8. フェーズ別EVP設計:候補者に何を訴求するか
EVP(Employee Value Proposition / 従業員価値提案)は、フェーズごとに候補者に刺さるポイントが異なる。
シード期のEVP「0→1の当事者になれる」 は次の要素で構成される。技術選定からアーキテクチャ設計まで自分で決められる自由度、創業者と毎日議論しながらプロダクトを作る距離感、シード期のSOが持つ期待リターンの大きさ、まだ誰も解決していない課題に取り組む面白さだ。
シリーズAのEVP「成長を牽引する中核メンバーになれる」 では、PMF後のプロダクトをスケールさせる技術的チャレンジ、チームの文化やプロセスを一緒に作れる組織づくりへの参画、少人数組織ゆえのテックリード・EMへの昇進スピードの速さを訴求する。
シリーズB以降のEVP「大きなスケールで成果を出せる」 は、大規模トラフィックや複雑なドメインロジックという技術的な難度の高さ、IC(Individual Contributor)とマネジメントの両キャリアラダー、上場前の成長フェーズへの参画機会が訴求ポイントになる。
EVPは「社内で共有して終わり」にしてはいけない。
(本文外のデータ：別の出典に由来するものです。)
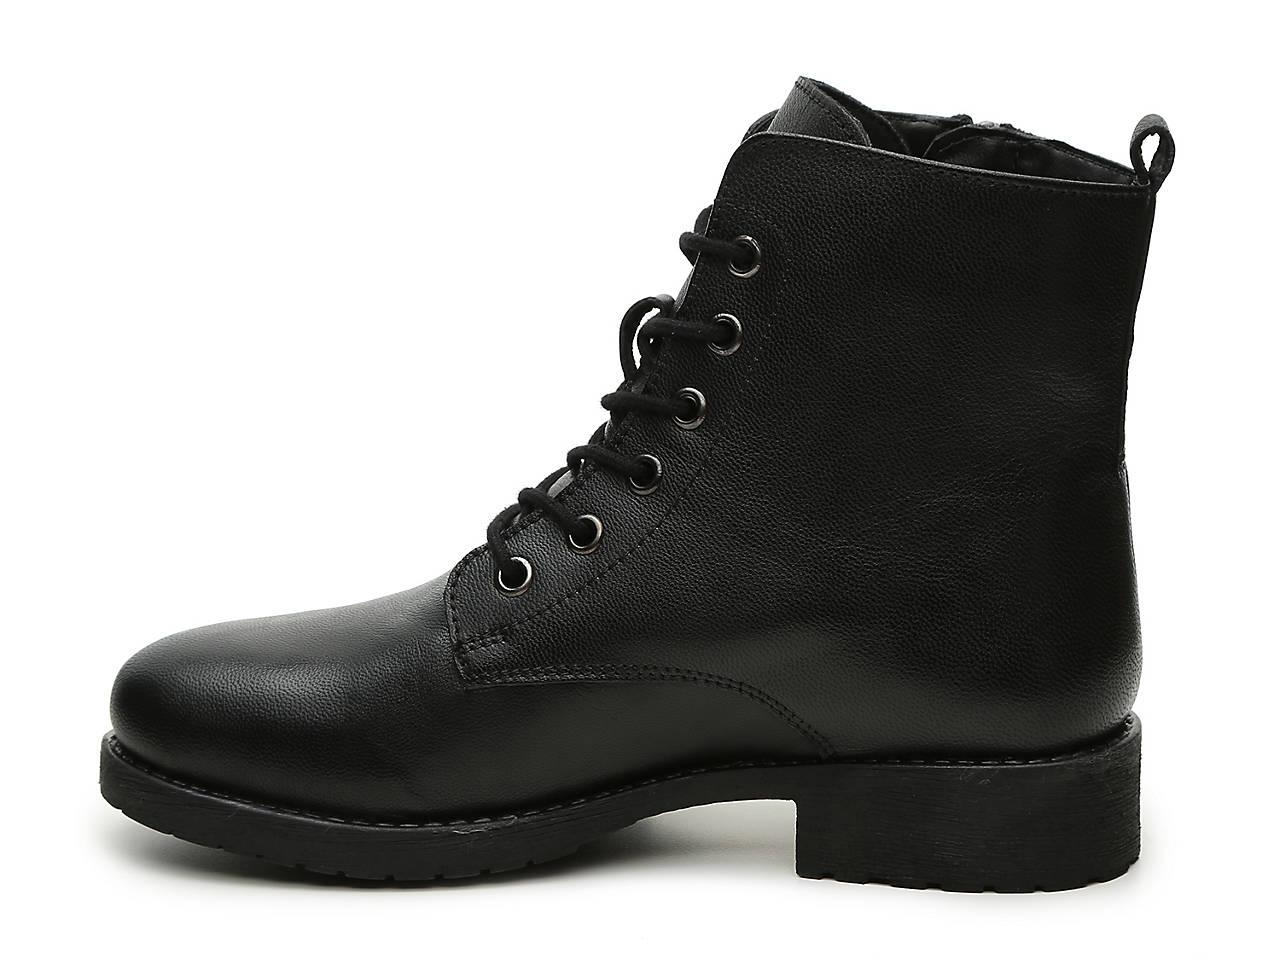 35463b21995 Steve Madden Antoine Combat Boot Women s Shoes

スカウトメール・求人票(JD)・カジュアル面談・オファー面談のすべての接点で一貫して訴求することが重要だ。JDの書き方はエンジニア求人票の書き方ガイドで解説している。
まとめ:SaaS企業のエンジニア採用は「フェーズに合わせて変え続ける」
SaaS企業のエンジニア採用に「万能の正解」はない。シード期に有効だった手法がシリーズBでは通用しない。以下の3点を常にアップデートし続けることが重要だ。
採るべき人材像の再定義: フェーズが変わるたびに必要なスキル・マインドセットを見直す
採用チャネルの最適化: リファラル中心からスカウト媒体へ、フェーズに合わせて主力チャネルを切り替える
EVPの刷新: 「0→1の当事者になれる(シード)」「成長を牽引する中核メンバー(シリーズA)」「大きなスケールで成果を出せる(シリーズB以降)」とフェーズごとに候補者への訴求を変える
「エンジニア採用がうまくいかない」と感じたら、まず自社のフェーズと採用戦略のミスマッチを疑ってみてほしい。